Superior Silicon: How Apple is beating chipmakers at their own game

“Apple is a phenomenal company. Its market capital nearly doubles its next closest rival, Google, and it profits are the third greatest of any company in the world, according to Forbes,” Matt Smith reports for Digital trends. “Its so-called ‘war chest’ – the money it has in liquid assets – is now over $200 billion. Even the largest banks and petroleum companies struggle to keep up.”

“That’s enabled the company’s famous reliance on proprietary technology,” Smith reports. “While other companies outsource, Apple keeps it in-house whenever possible. Recently, that’s expanded to include the chips found in iOS devices. While Samsung, Microsoft, and HTC rely on Qualcomm and Intel, Apple hired its own team of engineers to work on proprietary designs exclusive to the iPhone and iPad.”

“With each new release Apple’s AX chip line has become more threatening. Cupertino’s engineers have already put other ARM chip architects on notice, and they’re nipping at the heels of Intel’s finest,” Smith reports. “A few minutes alone with an iPhone 6S, or even the iPad Air 2, can tell you there’s something to Apple’s rapidly rising scores. The company’s mobile devices are blisteringly quick. They rarely hesitate, handle multiple apps with ease, and play games at least as well as a PC with Intel’s integrated graphics. And they do all of that within a power envelope that puts the most miserly Core M to shame.

Read more in the full article here.

MacDailyNews Take: Apple is a chipmaker; already the best mobile chipmaker in the world.

18 Comments

        1. And a strictly minor league commenter in you, applecynic. I suggest that you ease yourself back down to a remedial technology forum and leave the real technology discussions to the pros.

          Honestly, I don’t know what you hope to achieve on this forum.

          1. ARM is about performance per Watt. Bragging about ARM overall performance, when in fact it bring us back 10 years, deserves to be called out.

            From what I read so far, the fastest ARM (allegedly, haven’t seen them yet) is at parity or slightly faster than the slowest x86s is “meh”. I don’t like those either, though if we really want to see a difference, build identical PCs, one with ARM one with x86, with a common OS, and then benchmark them.
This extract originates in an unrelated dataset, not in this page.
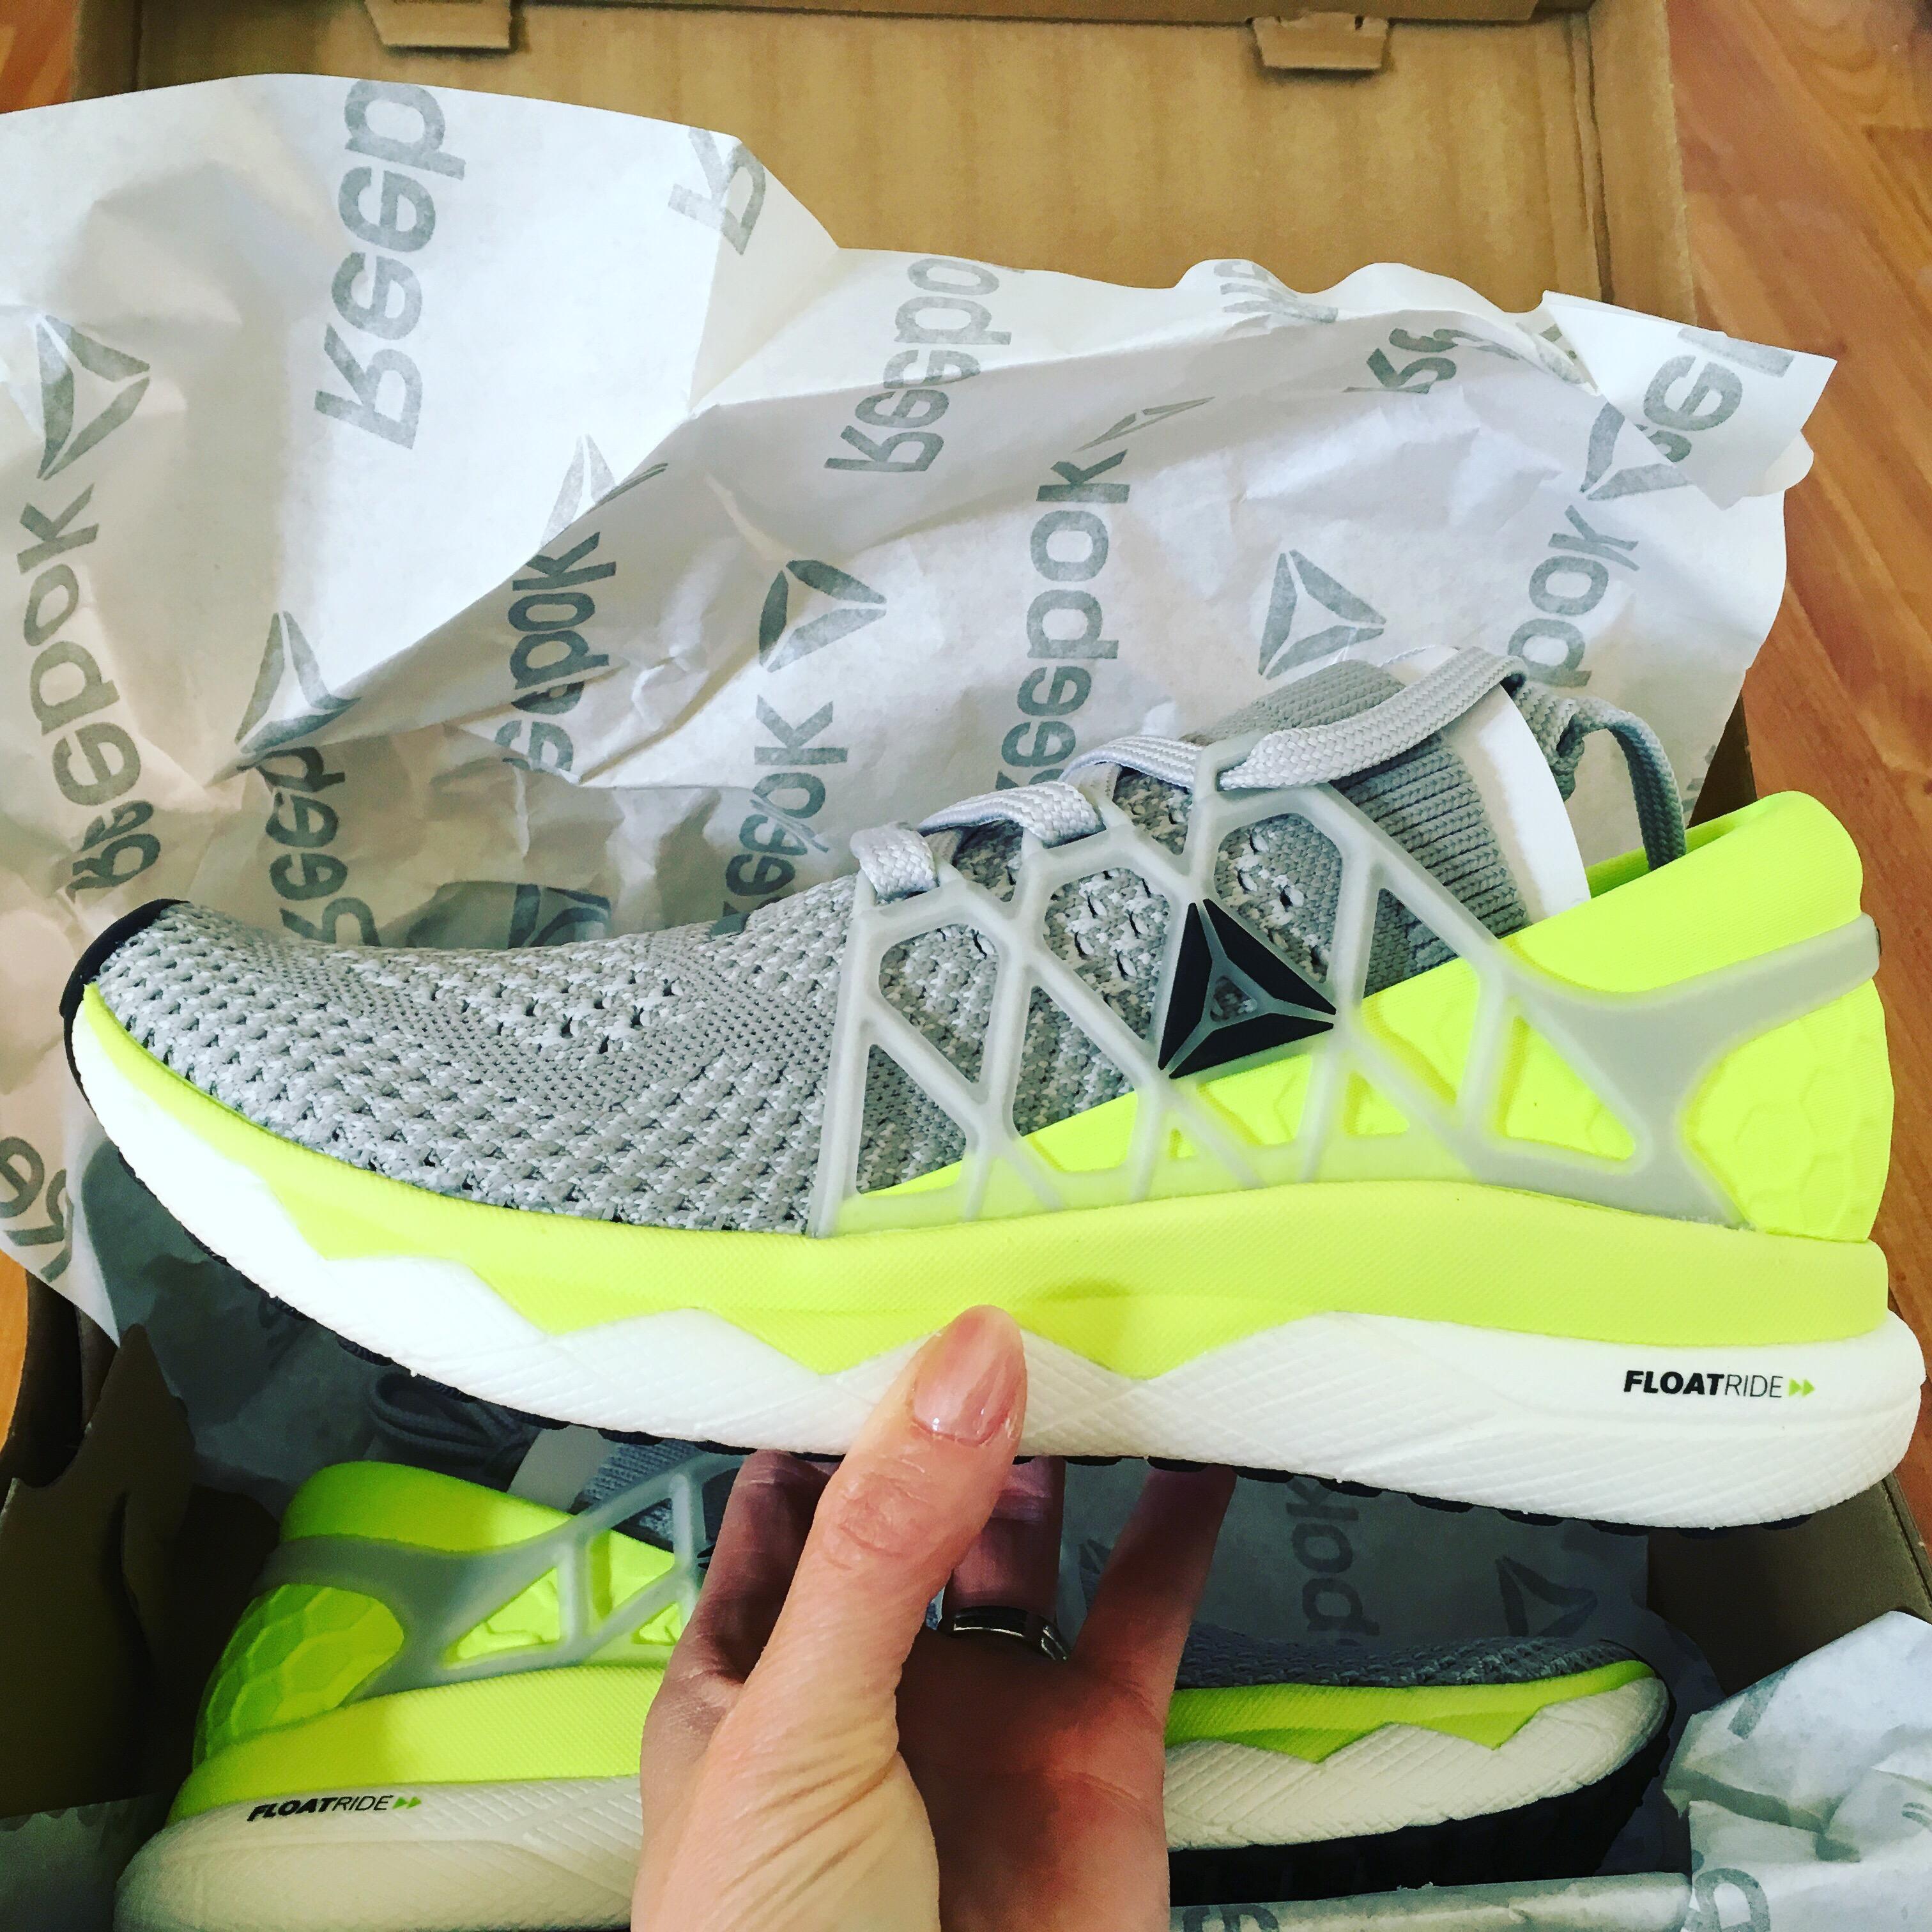 Reebok Float Ride Shoes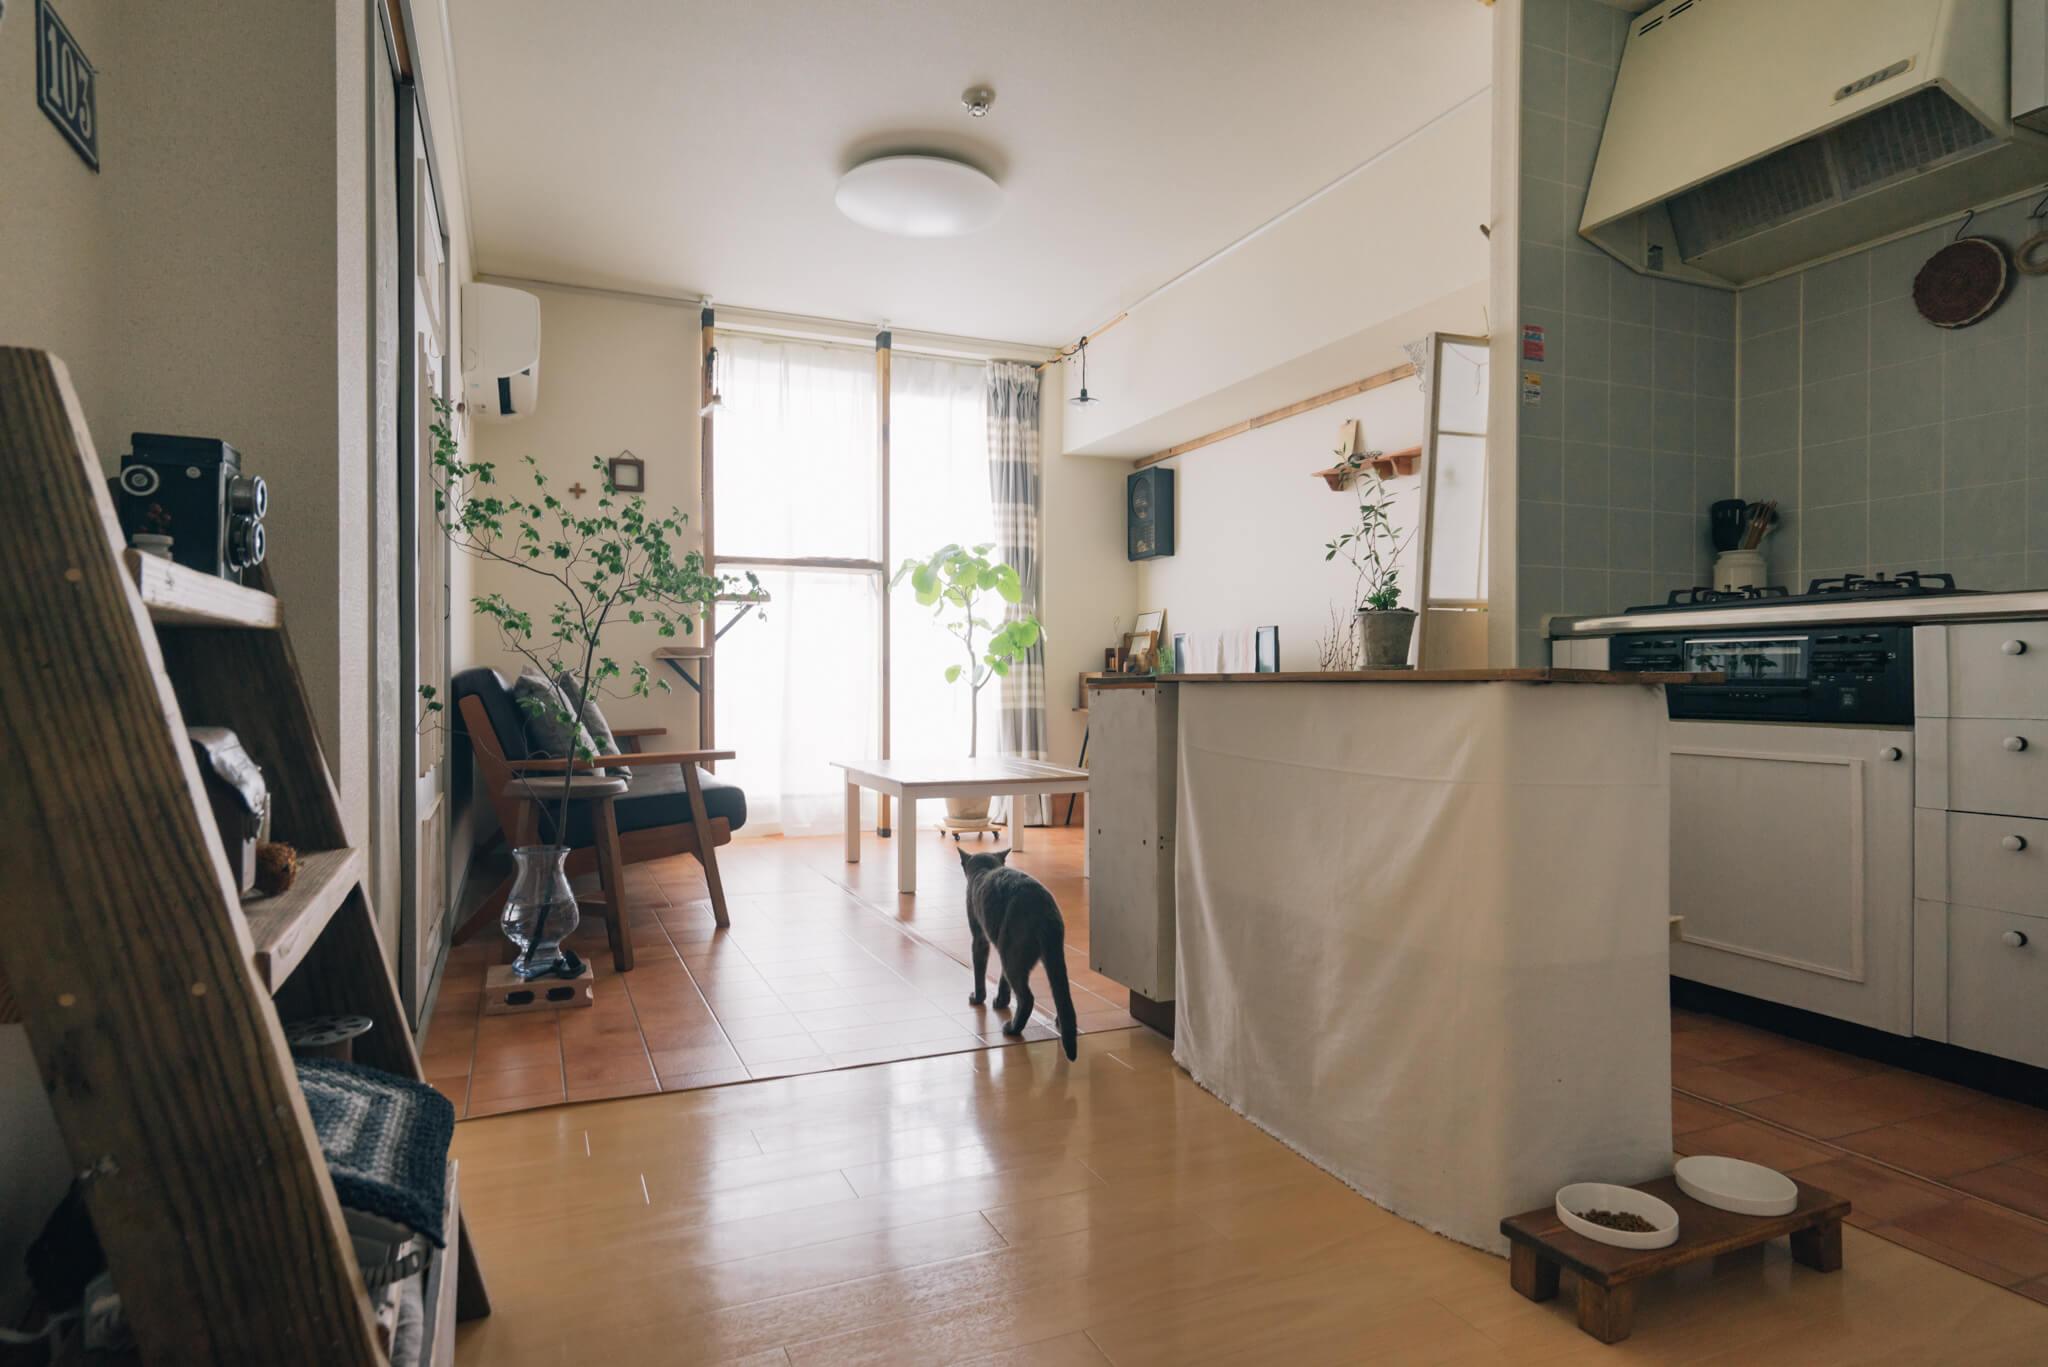 参考記事:賃貸でペットを飼うとき、気をつけたほうがいいことって?

            1. It’s about where each is headed that is important over where they are at this point in time. The Arm design was aimed at the the embedded and mobile market and Intel has totally failed to match it. It is incredibly impressive that despite that original specification and intent, present designs, and in particular Apples are now out performing low end desktop and laptop chips from Intel and at the rate they are developing will rapidly and increasingly out perform higher end Intel designs which are struggling to progress in in performance terms at the same rate. You can deny that, or dismiss it if you wish for that is the common attitude of those with little to no vision or with an innate prejudice but living in denial won’t change the fact that unless Intel can pull one thing out of the bag that it patently has failed to do because of the limitations of its chip’s foundations it will have increasing competition from ARM based designs. Whether that performance parity/superiority will allow Arm to infiltrate Intel’s computer client heartland is a little more problematic, even in Apples mainline computers for at least the foreseeable future. But to deny the reality in performance terms would be delusional when you study the available evidence.

            2. I agree with all your comments about ARM ‘in their class’. But to somehow propagate that they are performance monsters, without emphasizing ‘in their class’ is folly. I don’t see an ARM based Mac Pro for the next decade. Even then, Intel will probably still be ahead by a lot, because they won’t stand still.

  1. Apple gets no credit at all for its A-series silicon. If they did, Wall Street wouldn’t keep saying consumers will eventually dump their iPhones for $200 Android smartphones because there’s no difference at all. I’m sure Apple could turn those processors into many other uses such as processors for mobile notebooks or compact servers. I just think that lots of things Apple does is completely overlooked in terms of company value.

    I can’t wait to see some Apple A-series mobile laptop put an end to all the chatter about the Surface Pro 4 putting Apple’s laptops and tablets to shame. The Surface Pro 4 isn’t all that cheap and that’s what Windows people are used to buying. Low-cost hardware has always been Windows strongpoint.

    1. If the A-series chips were found in 3rd party products I thinkkkkk Wall Street would pay more attention. As it is, all the products with the chips are Apple’s running the same OS.

  2. Author needs to check a few financial sites. According to Bloomberg today, market cap for AAPL is about 672B vs GOOG about 502B. Nowhere close to ‘nearly double’..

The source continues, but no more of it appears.